Column Memories linger but Judases leave our fair city

The Judases, who stomped on our hearts in January, had their final practice here Thursday in the hole in our body.
Being a practice hater, it was the last one I had a chance to miss.
They’re (mostly) gone now. Officially. The Last Minicamp came. And went. And so did they.
Mostly moving-vanned out to L.A. As though they put their house up for sale after entertaining their neighbors for so long and many of their friends who wanted them to stay don’t like who has made the first bid to move in next door.
But the souls of the San Diego Chargers remain. In memorium.
They are like our first love. Can you really totally forget your first love?
I can’t. Maybe if I tried I could forget them. But I don’t want to. I spent a whole lot of my life around this team. Moving 120 miles isn’t far enough away to erase them. For me.
My dad took me to their first game in Balboa Stadium. So I’m supposed to forget that? How?
It’s almost Biblical. Their body is gone, but their soul remains.
In 1982. Training camp opens at UCSD. After a very memorable year of covering the other deserters, the Clippers, it was my first day on the Chargers beat for the late, lamented Evening Tribune.
I didn’t know squat about the organization. I had covered Don Coryell some when I wrote for the Daily Aztec at San Diego State. But there would be times when Don was so deep in his X’s and O’s that he didn’t recognize me after I covered him every day for two years.
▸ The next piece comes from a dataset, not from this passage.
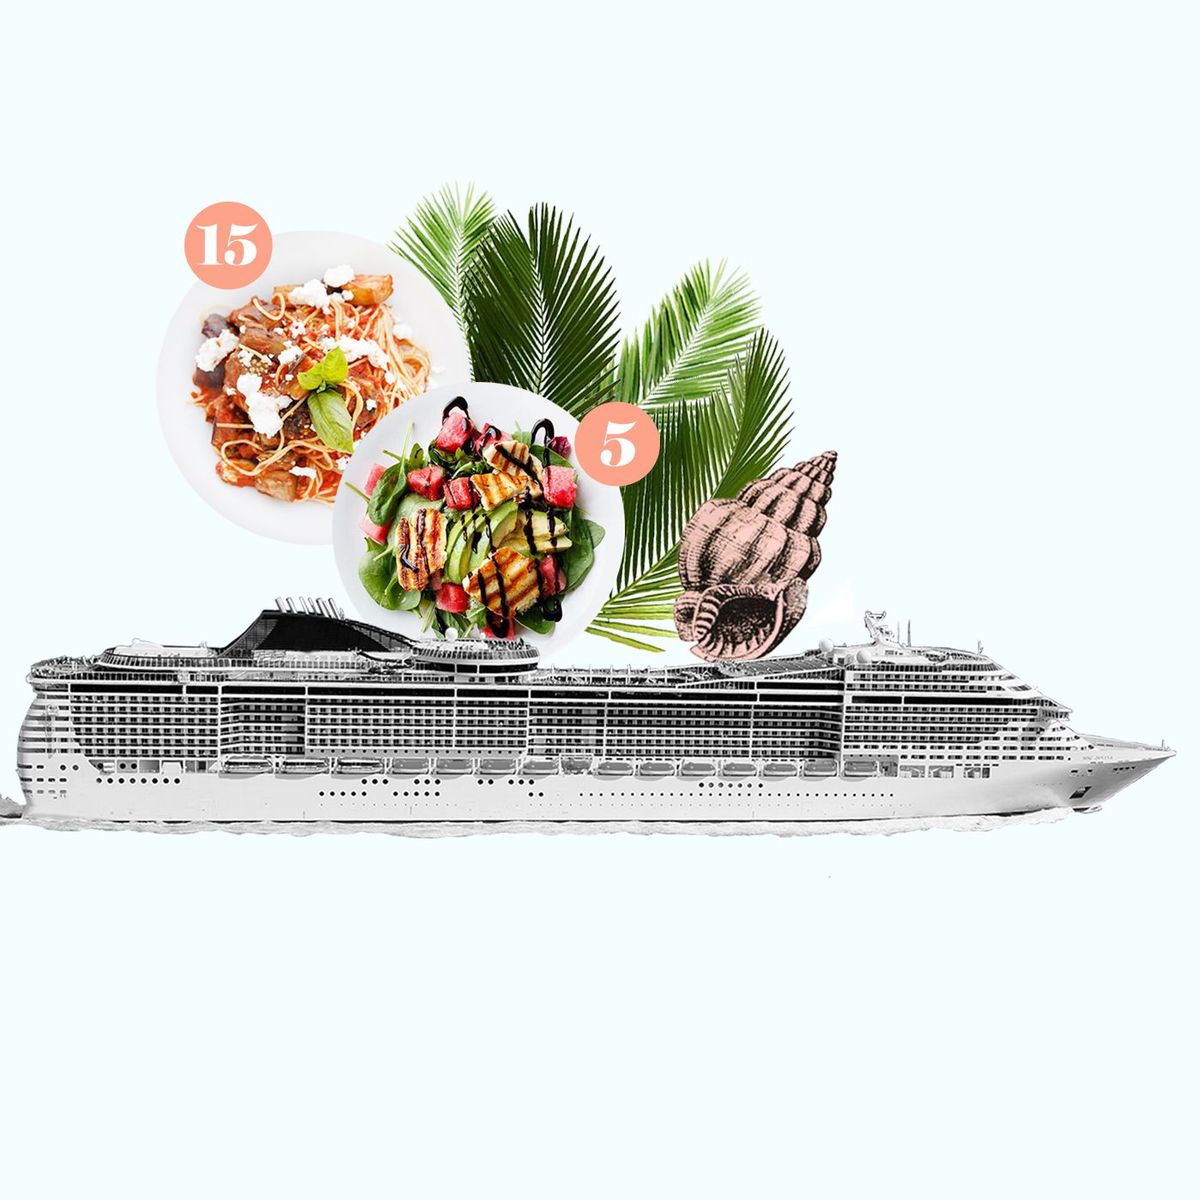 Weight Watchers Cruise - What It's Like to Diet on Vacation | Marie Claire
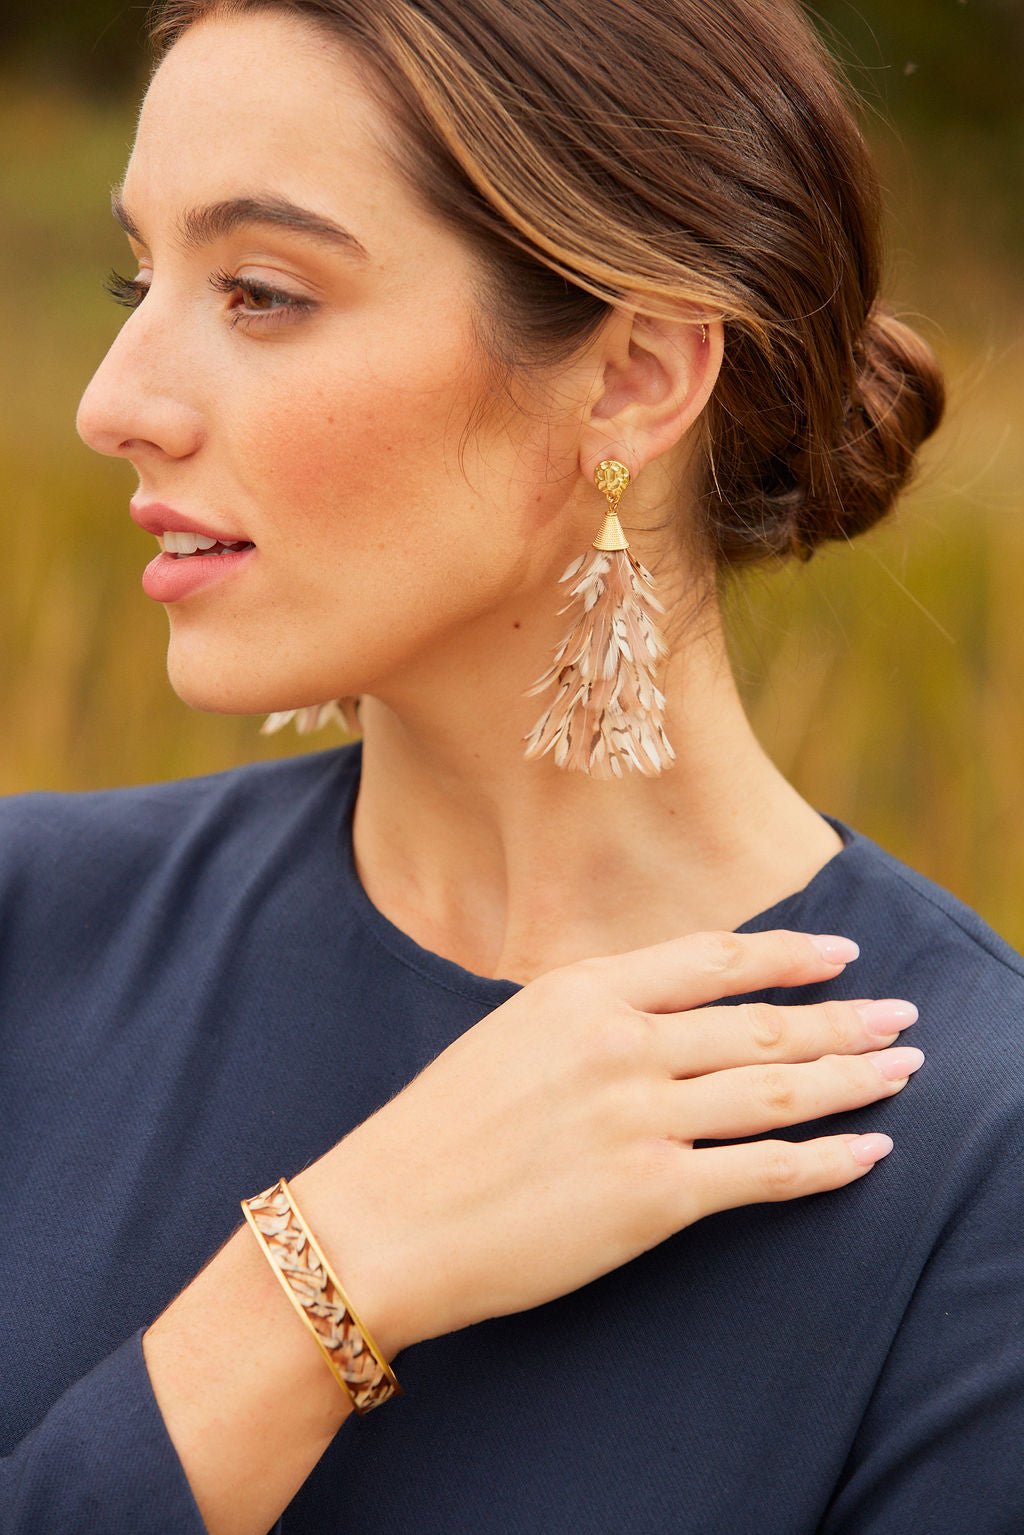 Anna Feather Earrings - Jewelry - Huck & Paddle

My second year on the beat, we’re in Seattle with the team, staying at an airport hotel with glass outdoor elevators. Game day. I get on the elevator to go down to breakfast at 8 a.m. It stops a few floors down and Don gets on. I’m facing the door. Just we two all the way down. He stares over my shoulder. The elevator hits the lobby. He turns and gets off. Didn’t even acknowledge my existence.
Game Day Don Coryell. Good man. Great coach. By then I had known him 14 years. I cracked up.
Team publicist Rick Smith, my newspaper idol growing up, had been on the Tribune sports staff covering the Chargers when I first started on the paper. But I was a copy kid then, a rank amateur, and Rick left the staff a few months later for a PR job with the Warriors that paid better than sportswriter dough.
When the first practice ended, I asked trainer Ric McDonald a question (can’t talk to trainers anymore), and he was snippy with me, obviously trying to get superior with the rookie. I told him to (something) off. We got along fine after that.
Dan Fouts was coming off the field and I introduced myself. He said: “Let’s take a ride.” I thought it was some kind of mob thing and he was Don Fouts. That it was to be a “Leave the gun, take the cannoli” kind of ride, and I was Paulie.
We climbed into Dan’s little Mercedes and drove around campus for a half hour. Chatting. He wanted to get to know me. He was a genuine pain in the ass and relished being in charge, the greatest leader I’ve known in sports.
He ran the organization. But he Nick O'Leary Womens Jersey was a struggle for sportswriters, especially after games, when it took him so long to come down from his game high, win or lose. But from that Mercedes ride on, he always was OK with me.
We were in San Francisco, that first year, a strike year, and Fouts and Joe Montana had a gun battle, becoming the first two NFL QBs to throw for more than 400 yards in a game. Chargers won. Afterward, at his locker, Dan told a reporter to “get that (bleeping) microphone out of my face.” It was his dad, long a voice of the Niners.
So I’m just supposed to forget that, supposed to forget Fouts coming up to me the next year, on the plane ride back from Miami after they got their butts kicked in the playoffs (he’d thrown five picks), and telling me he didn’t see me in the locker room (overcrowded) and asked if I needed anything?
Am I supposed to forget having lunch with Fouts years later at UCSD and discussing the John Jefferson trade? Dan loved JJ, who saved him more than once. The team got Wes Chandler to replace Jefferson. Fouts said that, after Chandler’s first practice, Charlie Joiner came up to him and asked: “What did you think?” Dan’s reply: “We got a better player.”
After Lance Alworth, probably the greatest receiver ever, Chandler is the second-best Chargers wideout. Brilliant. That strike year, 1982, he had the best half-season in history. Check it out.
Wes was remarkable. He was so athletic he could use both hands to play against himself on video games. He broke 80 the first time he played golf.
Kellen Winslow, such a great tight end, so smart, so media-savvy.
The late Chuck Muncie, so troubled, such a good guy. Was LaDainian Tomlinson a better back? I’ll never say that. Certainly not as gifted. Ed White. Great player. Better man. Big Hands. Louie. Moosie.
Moments. Memories. Tales, long and short.
I could write a thousand columns like this. I’ve only touched on the beginning of my association with the team, not even getting into Ramon Humber Kids Jersey coaches, GMs and owners, where there are more stories than a skyscraper.
But, physically, they are (mostly) gone now. And we are an emptier place.
If you don’t think so, wait until September. Souls cannot play.